### What the exercise asks
When you transcribe the lines below, keep every word the same and leave the pictures behind.

### Provided material
= = = = =

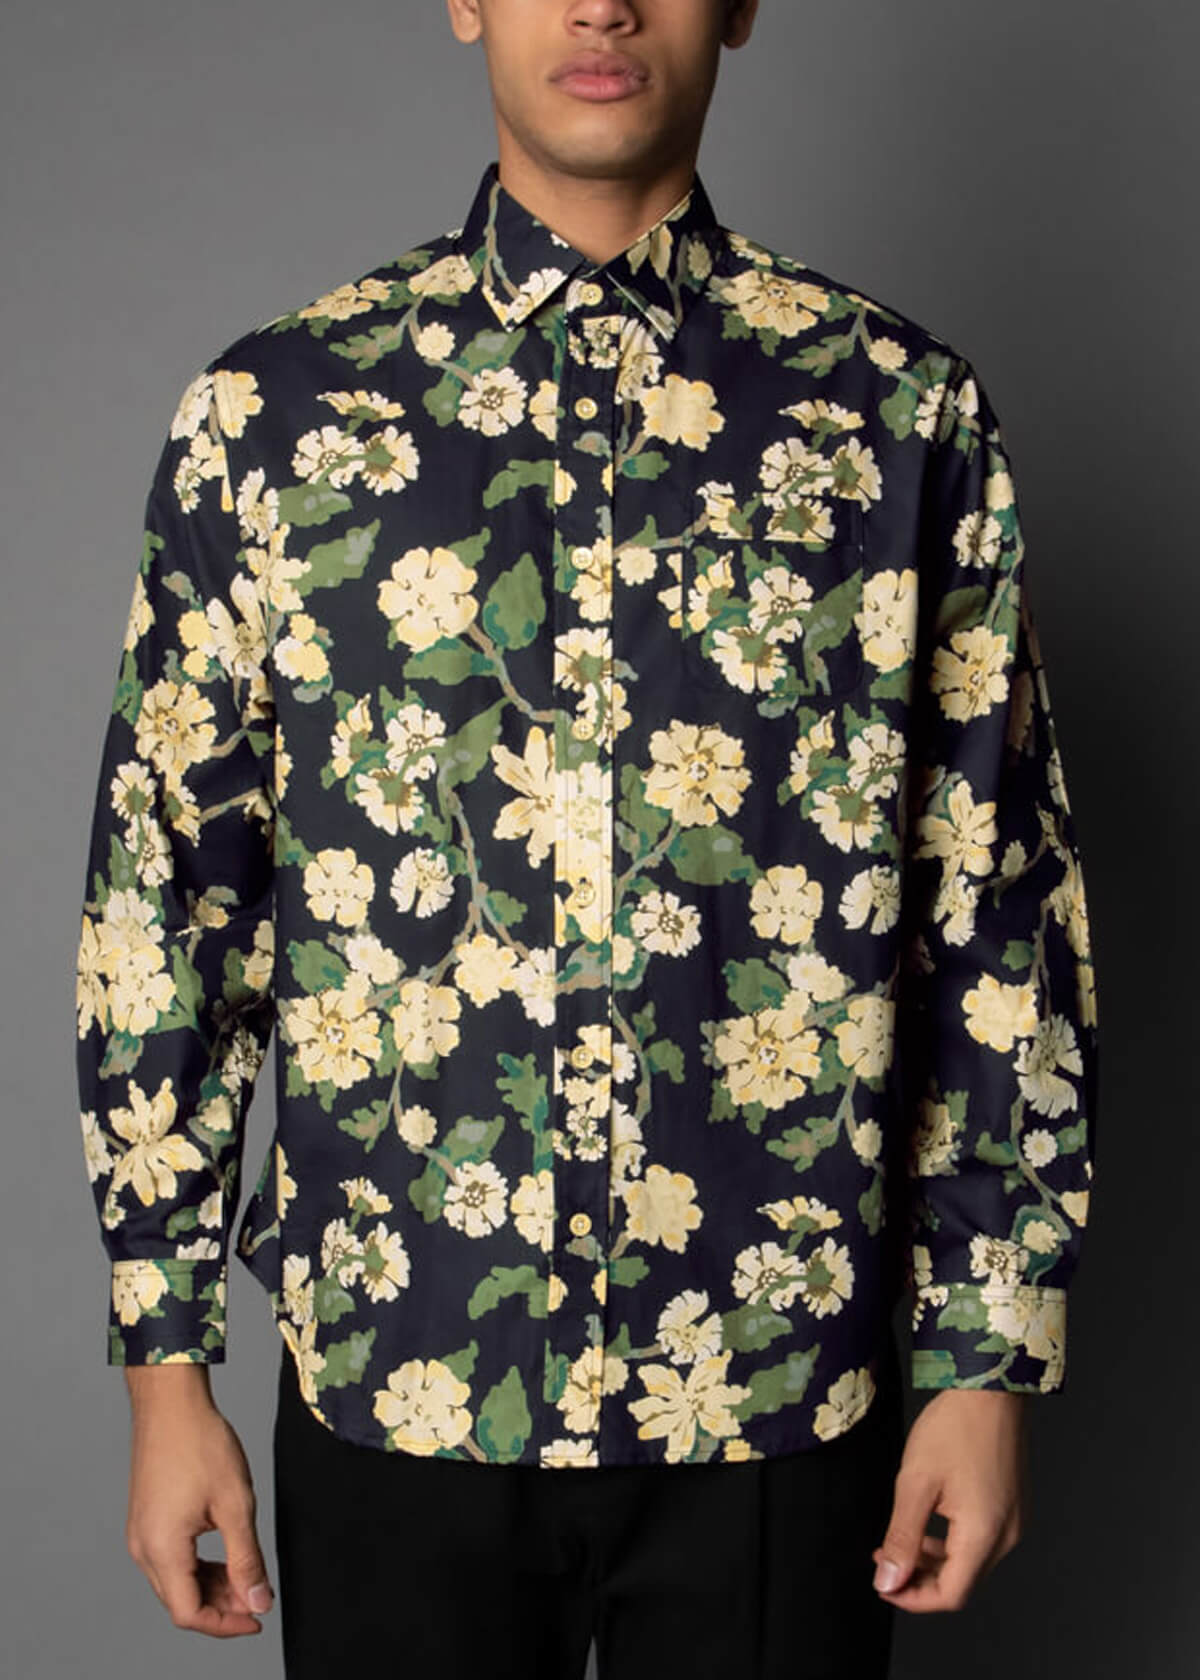 men's black shirt with yellow and green floral print
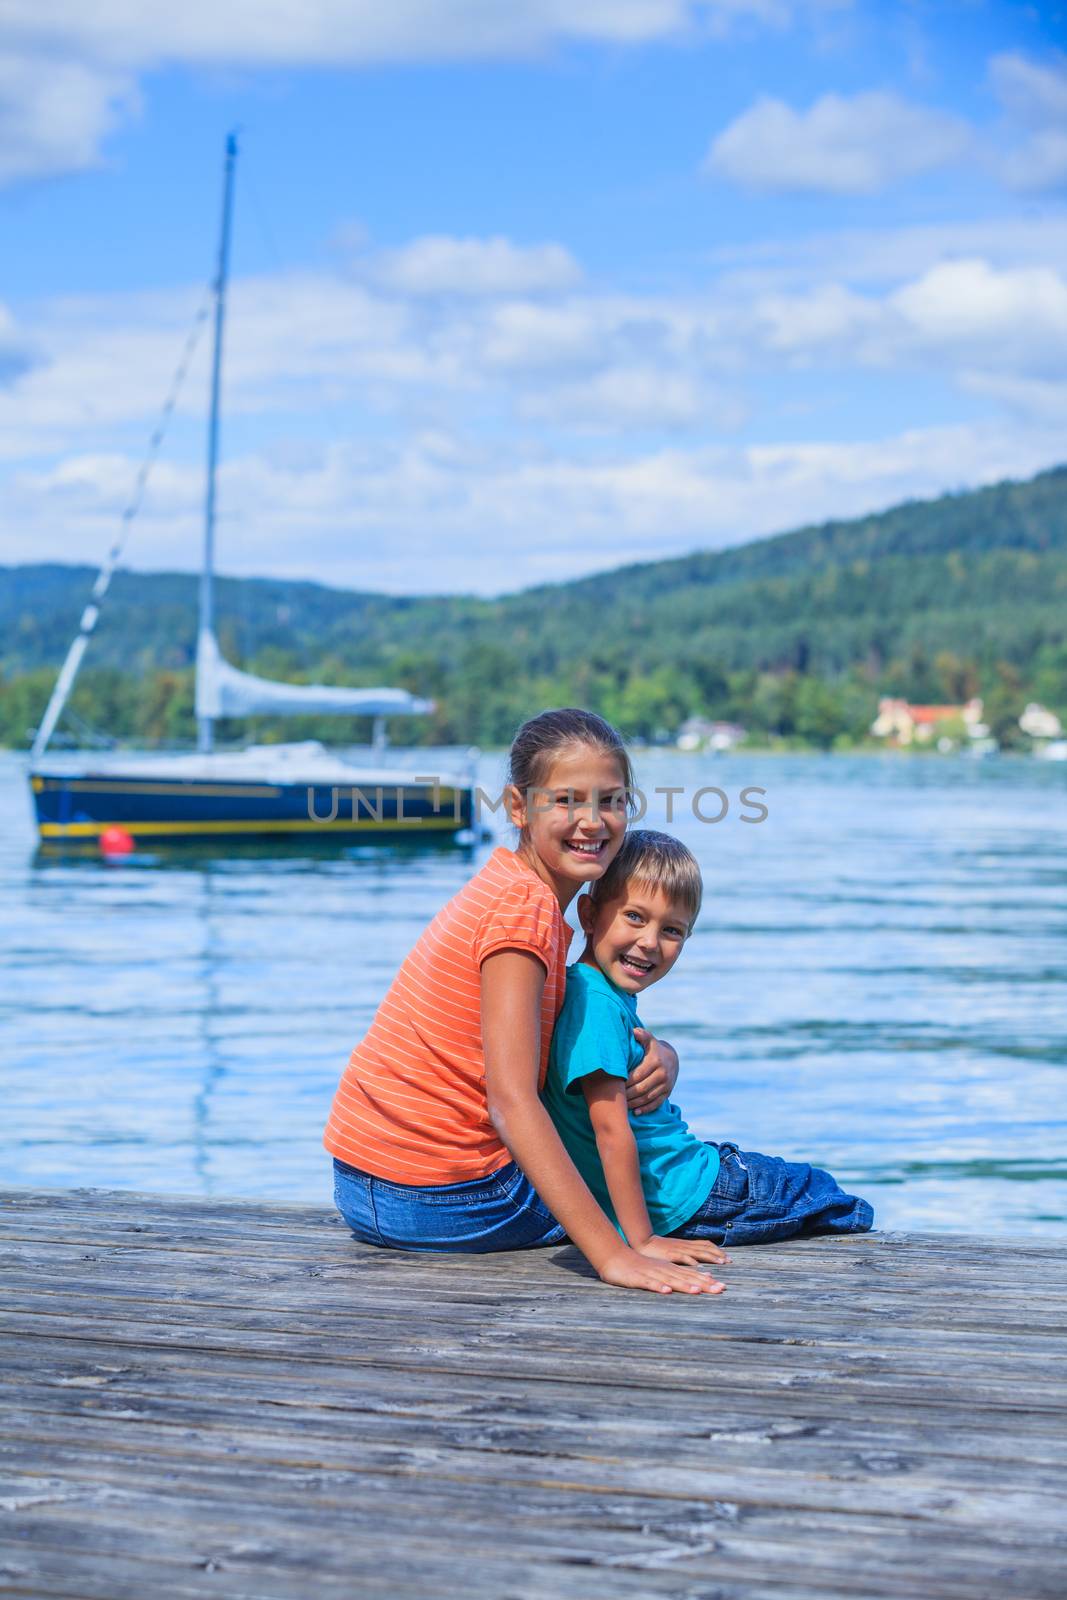 Summer vacation  at the lake - two happy kids resting on the pier and watching on the yacht
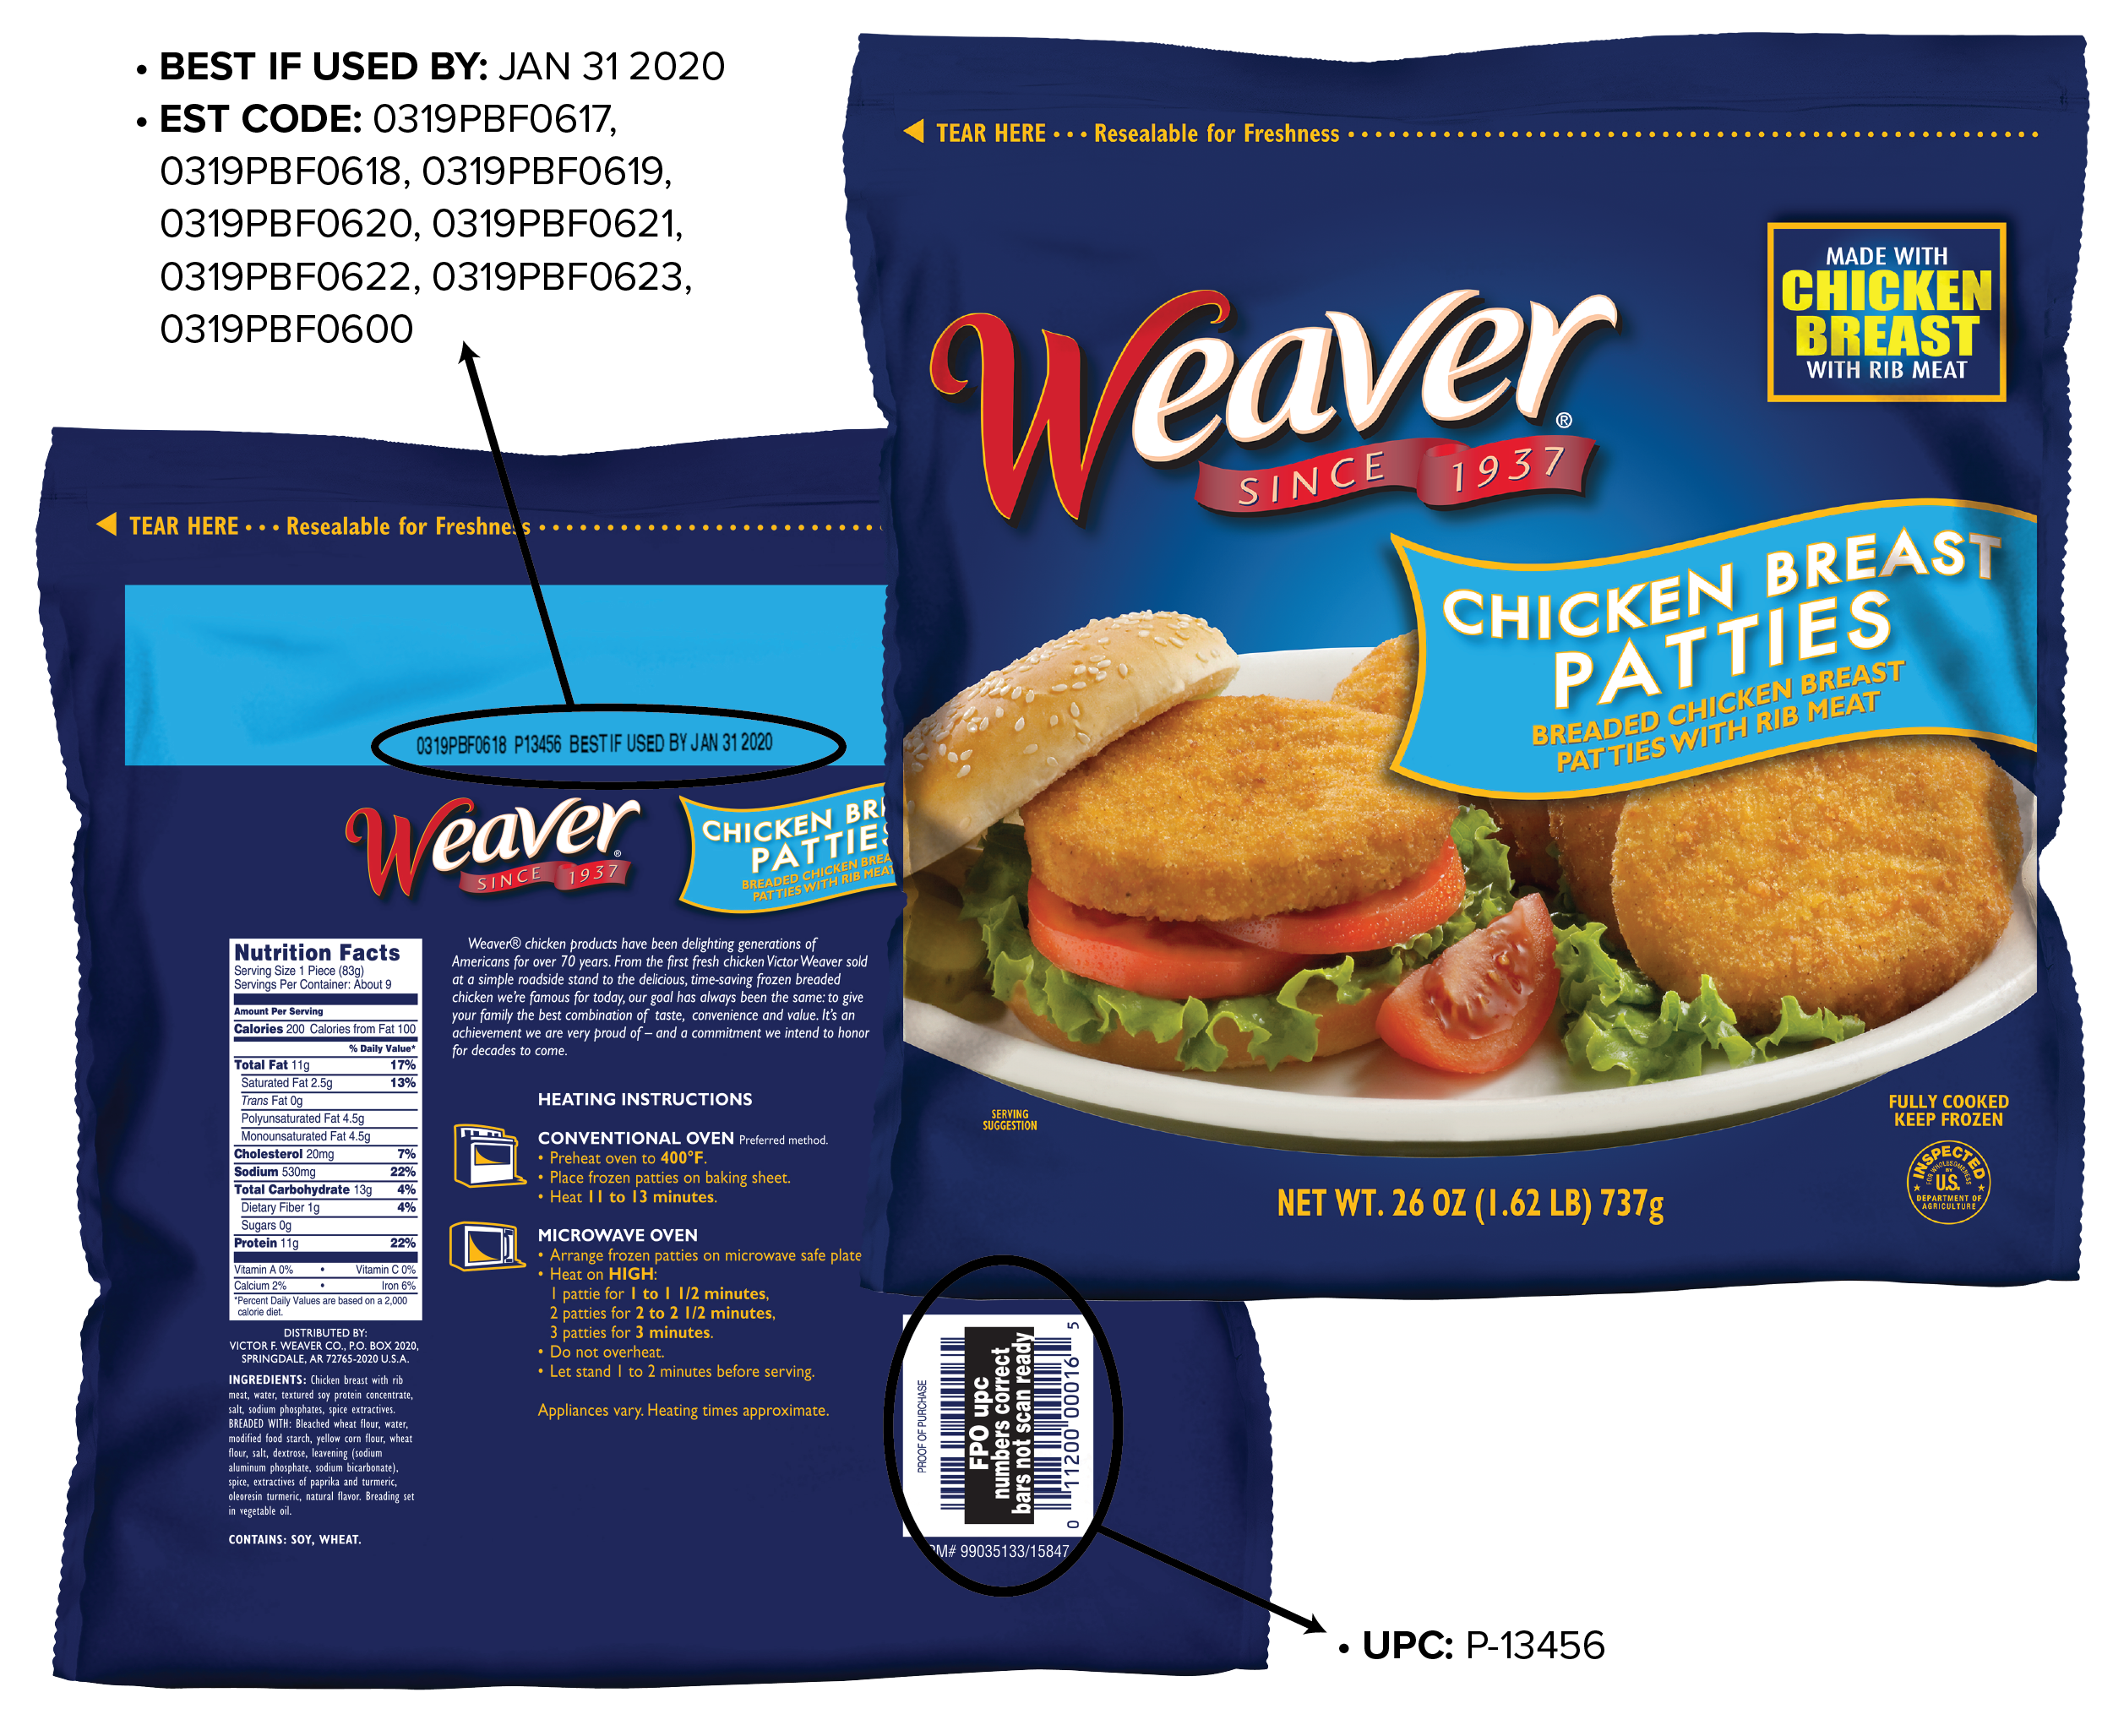 Where UPC and date code locations are on the Weaver® Brand Chicken Patties package.

= = = = =

### Written solution
 men's black shirt with yellow and green floral print
 Summer vacation  at the lake - two happy kids resting on the pier and watching on the yacht
 Where UPC and date code locations are on the Weaver® Brand Chicken Patties package.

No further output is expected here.